While the present day feels like a new corporate era - one where a CFO might play bass in a punk band and vote Democrat, and the encubicled set deems themselves cool and creative - make no mistake about it: corporate attitude remains 1956ishly square. Deep-down, these guys are all still crewcuts-and-tie-clips.

Of course, it would be wrong to blame the corporate world for missing our value. After all, we were the ones who'd installed the force field. Ways could be found to polish up our look and scale up our traffic without seeing Chowhound dilute into a lowest-common-denominator Olive-Garden-hugging, focus-group fellating resource. But there was a Catch 22: such changes would require corporate support, but corporate support would evade us so long as we remained all vibey/hippy/wavy/gravy. And there was also Catch 22a: a makeover sponsored by unhip parties, even with the best of intentions, would destroy the vibe.

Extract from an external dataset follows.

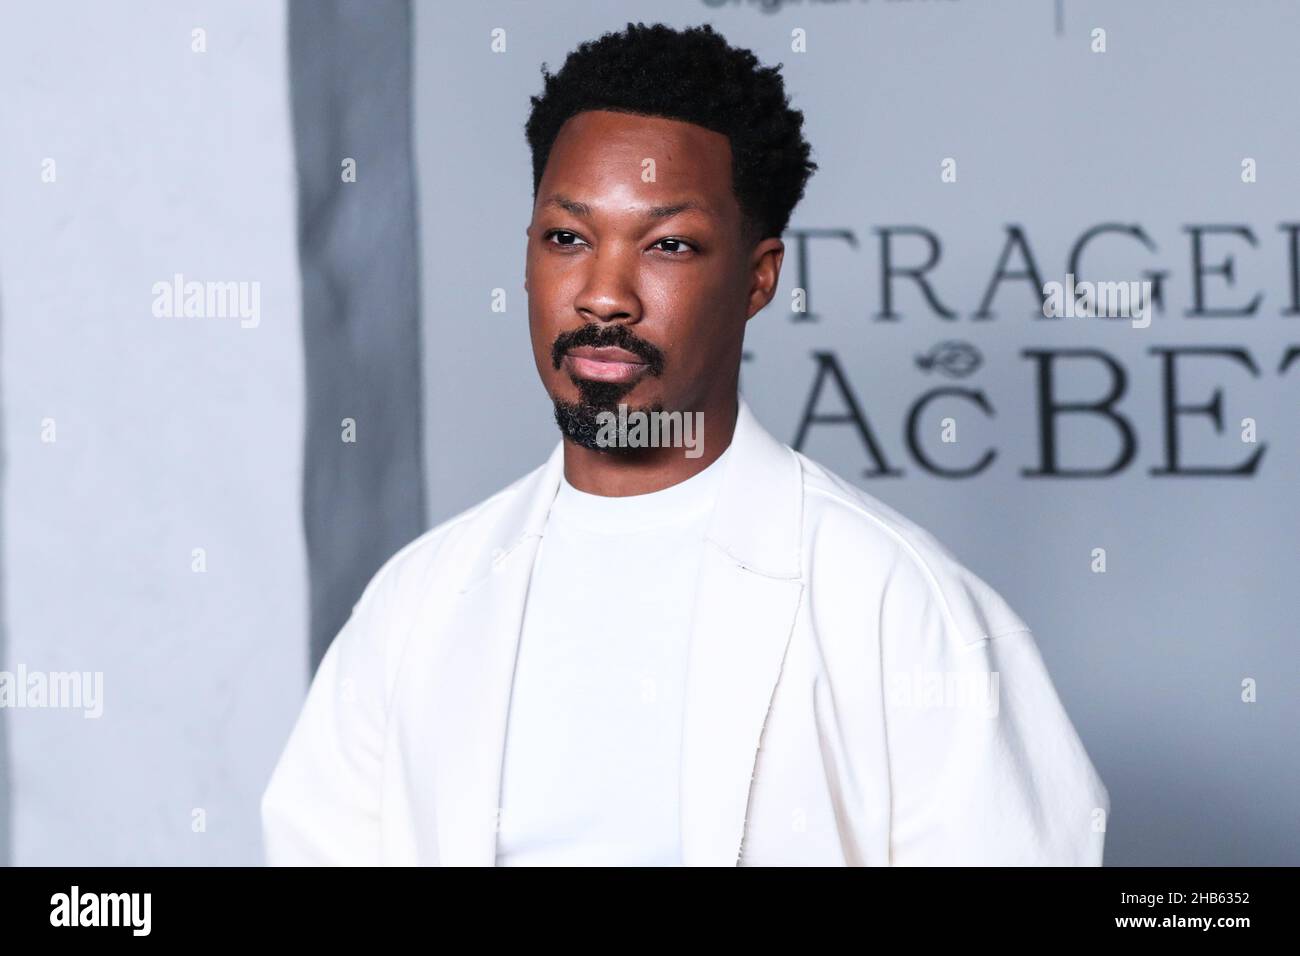 LOS ANGELES, CALIFORNIA, USA - DECEMBER 16: American actor Corey Hawkins arrives at the Los Angeles Premiere Of Apple Original Films' and A24's 'The Tragedy Of Macbeth' held at the Directors Guild of America Theater Complex on December 16, 2021 in Los Angeles, California, USA. (Photo by Xavier Collin/Image Press Agency) Stock Photo

While "vibe" is the term I've been using here, the dynamic is actually quite explainable in MBA-speak. Chowhound has two unusual points of value: 1. the premium quality of its data, and 2. its tightly-focused audience, which is uniquely discriminating and knowledgable. The data and the audience, the audience and the data, are like chicken and egg. Dilution of one would result in immediate dilution of the other, and entropy can never be reversed. Chowhound required sensitive management by people with a deep affinity for subtle cultural issues of tone and values, and those factors couldn't be faked, because our audience's most inherent quality was its ability to sniff inauthenticity.

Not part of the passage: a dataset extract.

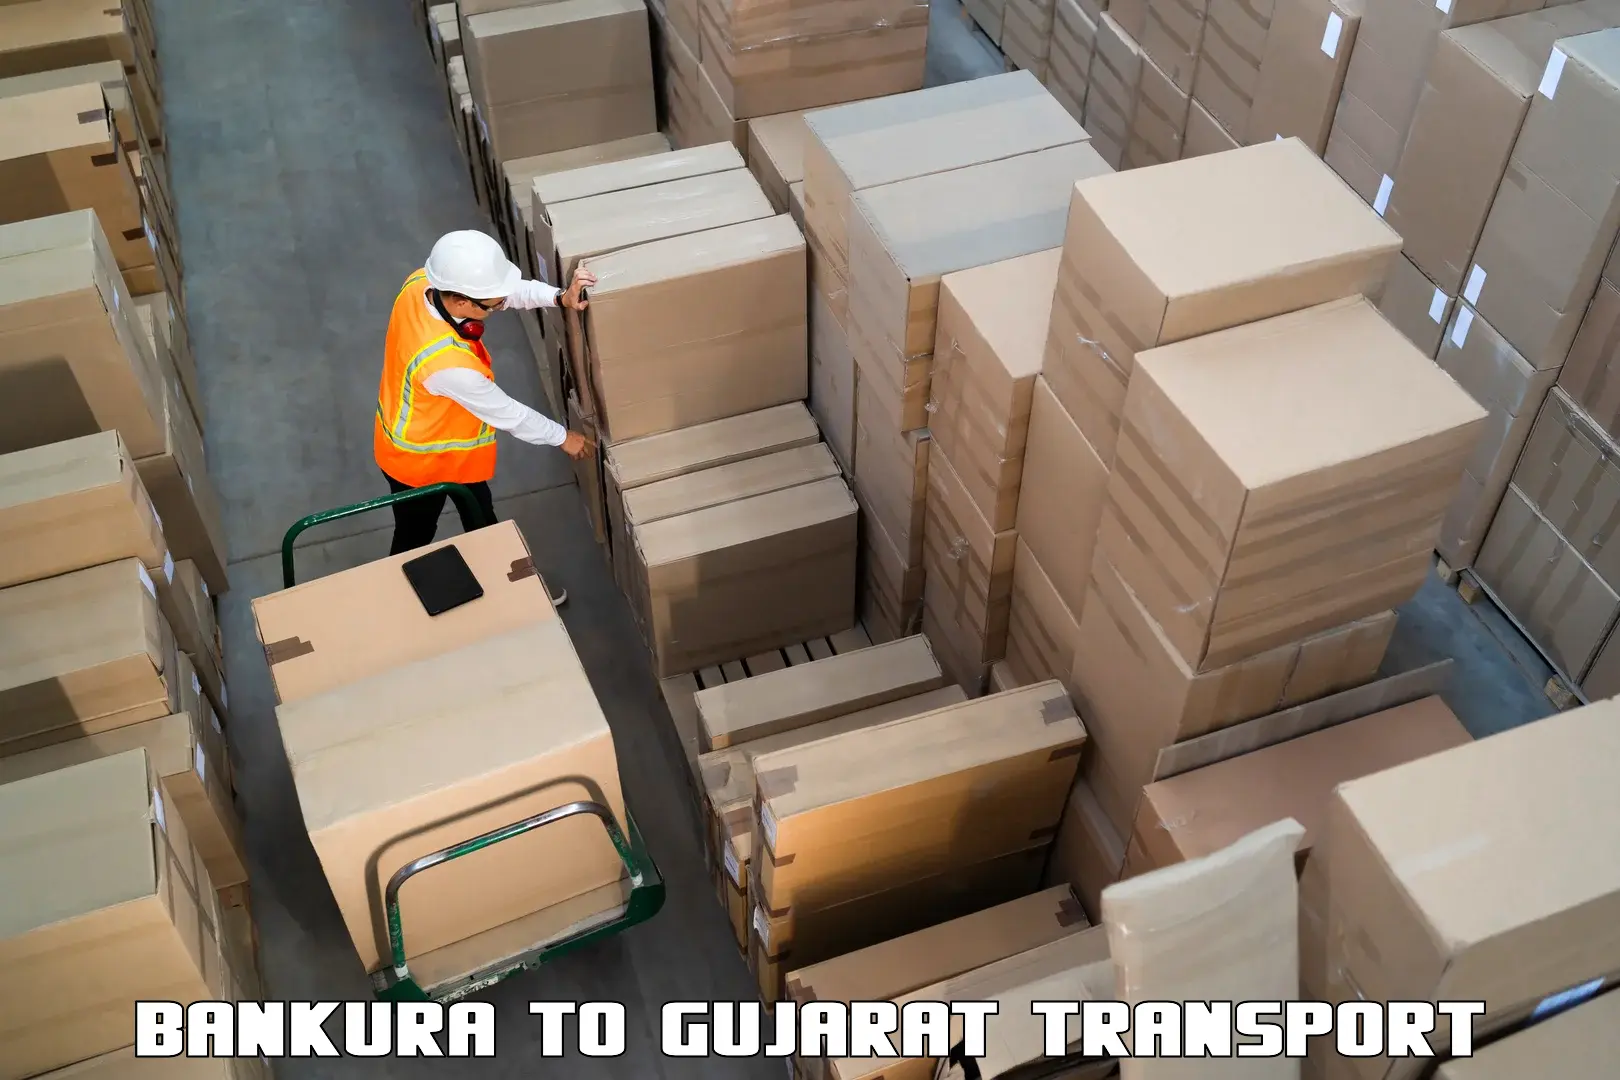 Transport bike from one state to another Bankura to Gujarat

That's not so hard to understand, is it? Well, Vrtha and Mogul didn't really get it. Why? Because, like all corporate honchos, they're geniuses, smug with their proven abilities to build and manage big things, all molecule-thin. They deemed Chowhound just another wafer-thin branded widget, and wouldn't stop flexing their gigantic cerebral lobes long enough to grok its unique and fragile qualities. They were gut-ignorant there, and ignorance is a dark, scary place. What's more, truly understanding us would mean calling deeply into question some bedrock assumptions, and, obviously, these were not red pill people.

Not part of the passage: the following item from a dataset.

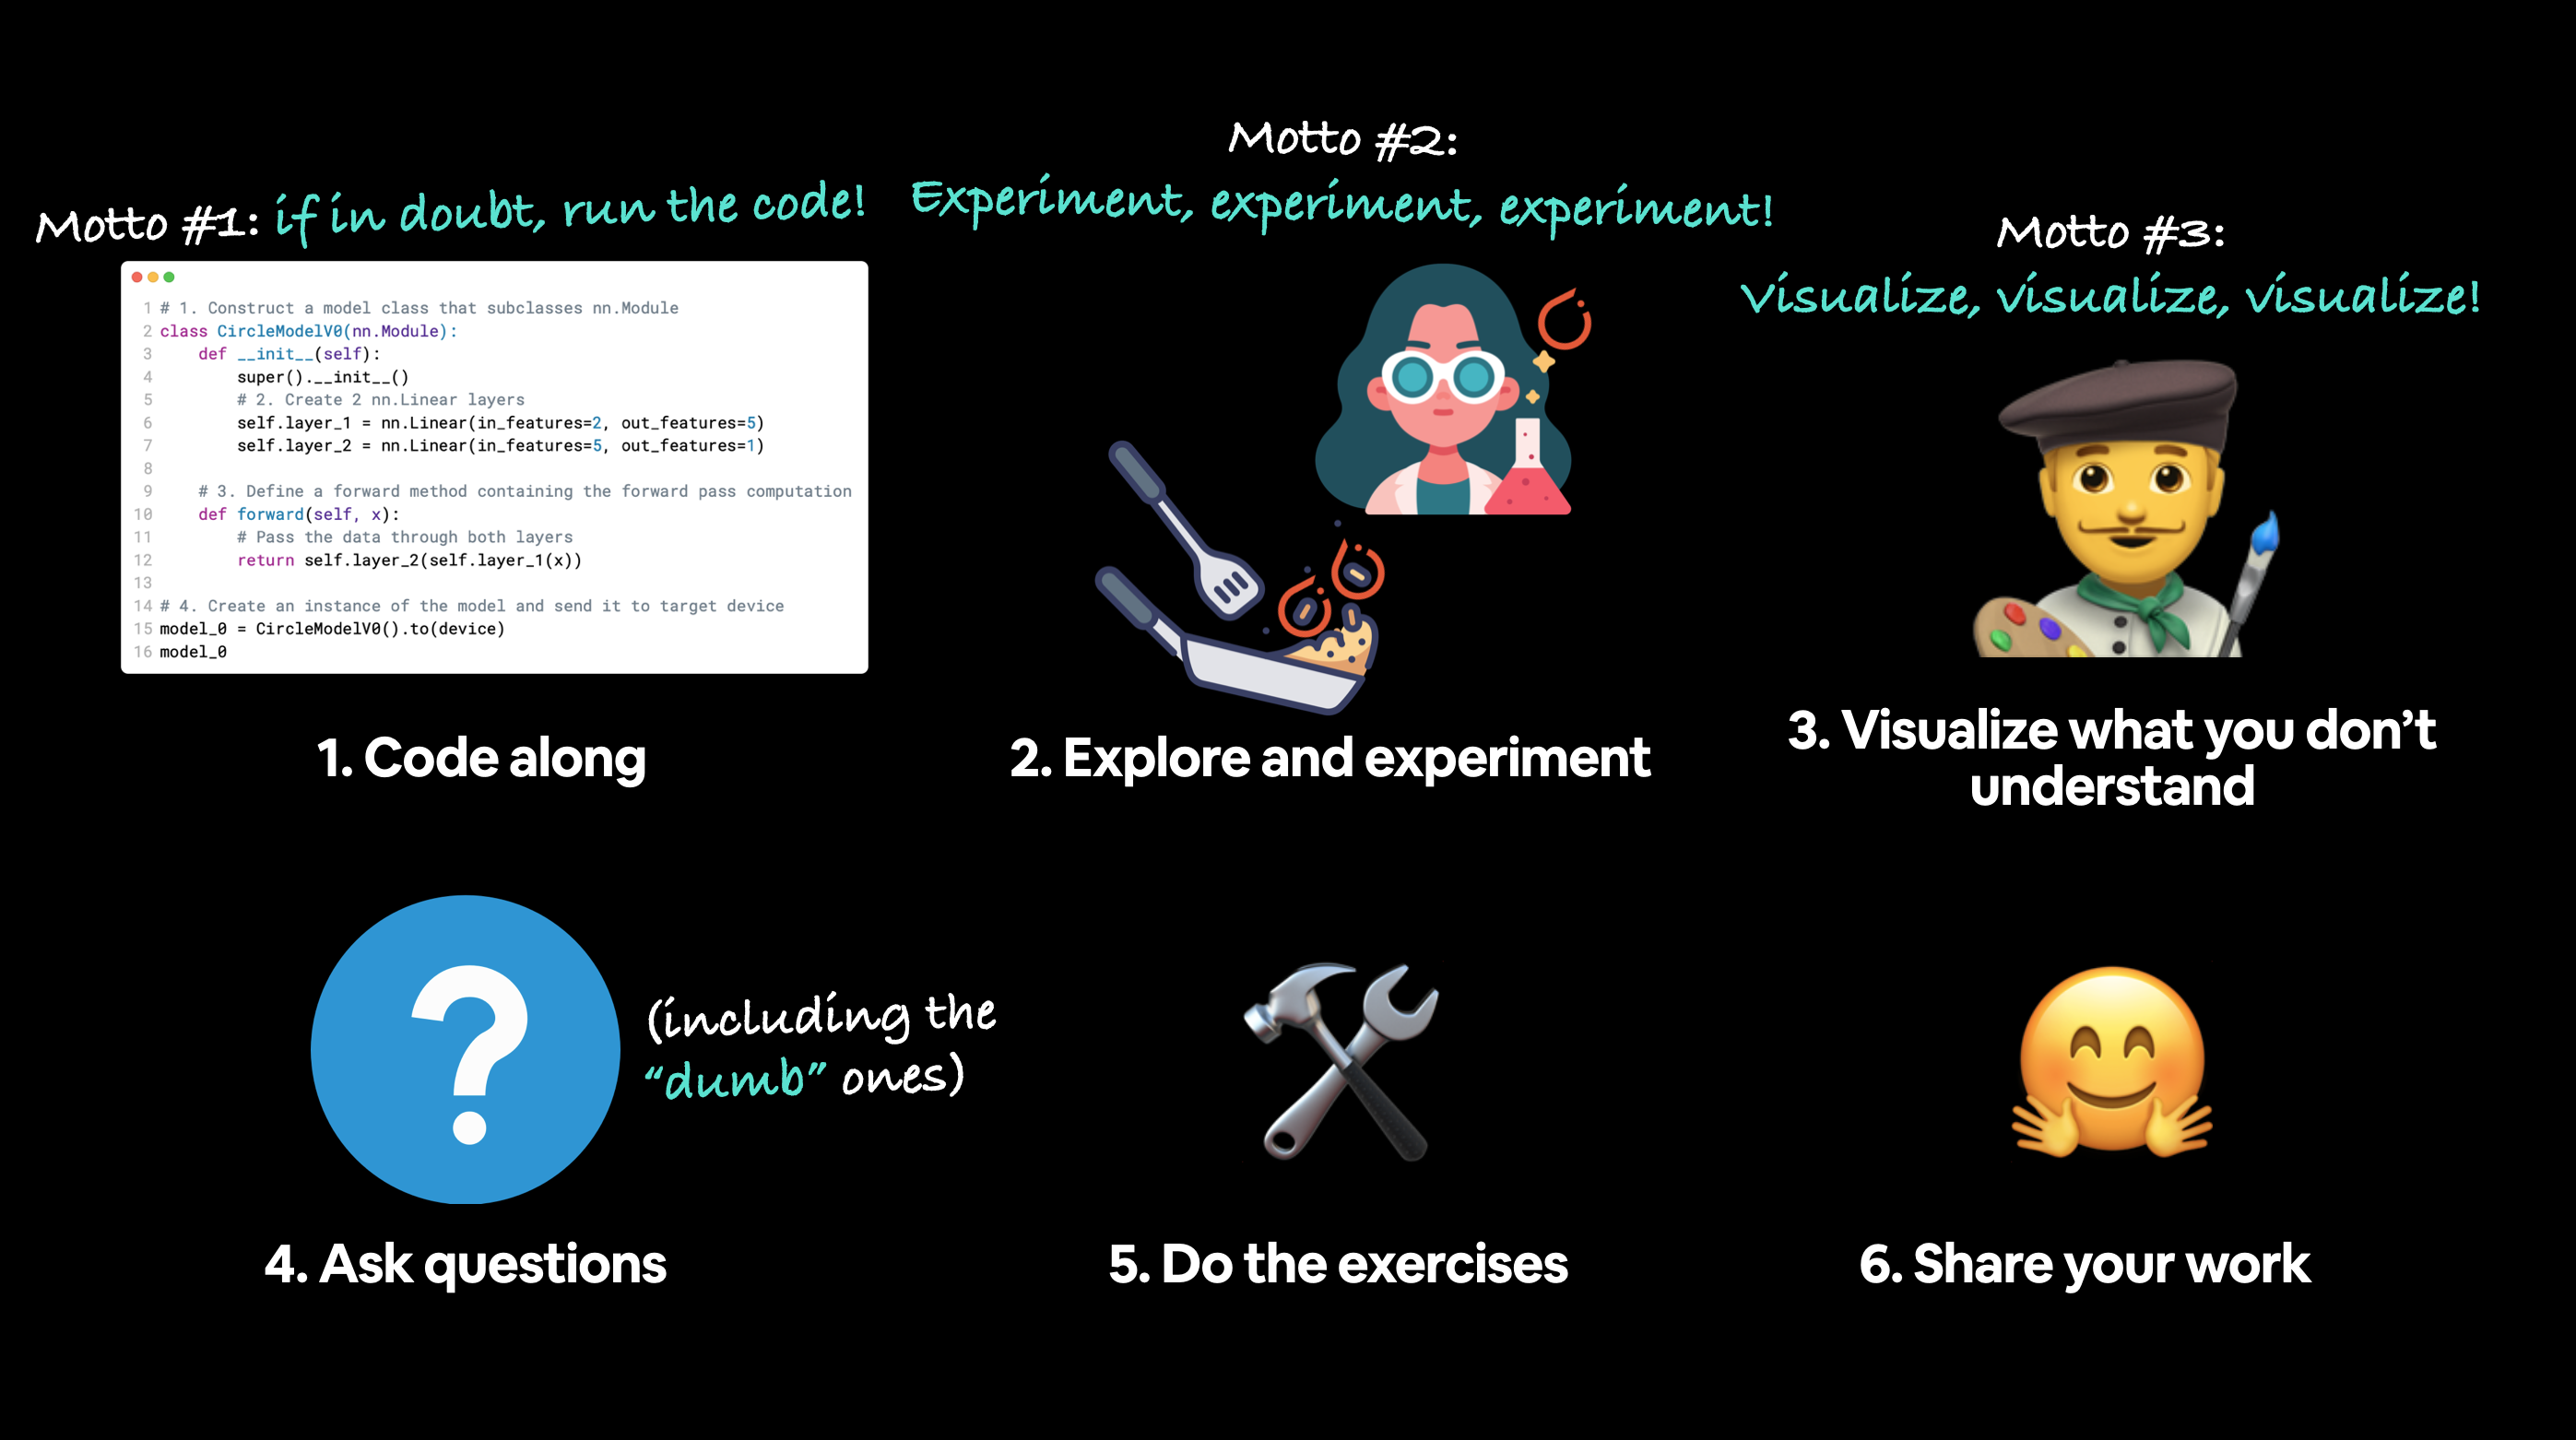 how to approach this course: 1. code along, 2. explore and experiment, 3. visualize what you don't understand, 4. ask questions, 5. do the exercises, 6. share your work

So whom would I paddle toward, if Chowhound was, essentially, a three dimensional pencil pushing up through the ground of two-dimensional corporate Flatland, confusing to the inhabitants and ill-suited to their tools and mechanisms? If we were going to be acquired, I needed to find a company that not only appreciated and valued Chowhound's unique attributes, but whose very operation hinged on making hay with premium quality information, opinions, and audiences. Mere statement of appreciation wasn't worth much (the likes of Vrtha and Mogul could spit effusive praise on cue). But a company whose bread and butter involved painstakingly high-quality content might remain sensitive to Chowhound's unique and fragile dynamic. They wouldn't alter the recipe as heedlessly as Mogul and Vrtha had proposed.

And, indeed, the pig needed serious lipstick. The best, biggest, broadest, deepest, savviest trove of food news and tips ever compiled in any media, and its loyal national following, meant nothing to the business world so long as there was no cleanly definable "there" there. We'd likely miss out on this bubble, as we'd missed the previous one, if we didn't repackage, slickly framing Chowhound's cultural aspects. We needed to telegraph that we were "Anti-Corporate" - with quotation marks, as a winking corporate tactic - rather than remain flatly anti-corporate, the term simmering in insolent unquoted lowercase. Y'know, Indie Rock. Betty Crocker Homestyle. Sanctioned edginess.

Even if I were at the peak of my energy, the task would have held little appeal for me. But I hung on. And I did take a deep breath and rang one corporate doorbell, making a cold call overture to the good folks in charge of a large east coast media conglomerate.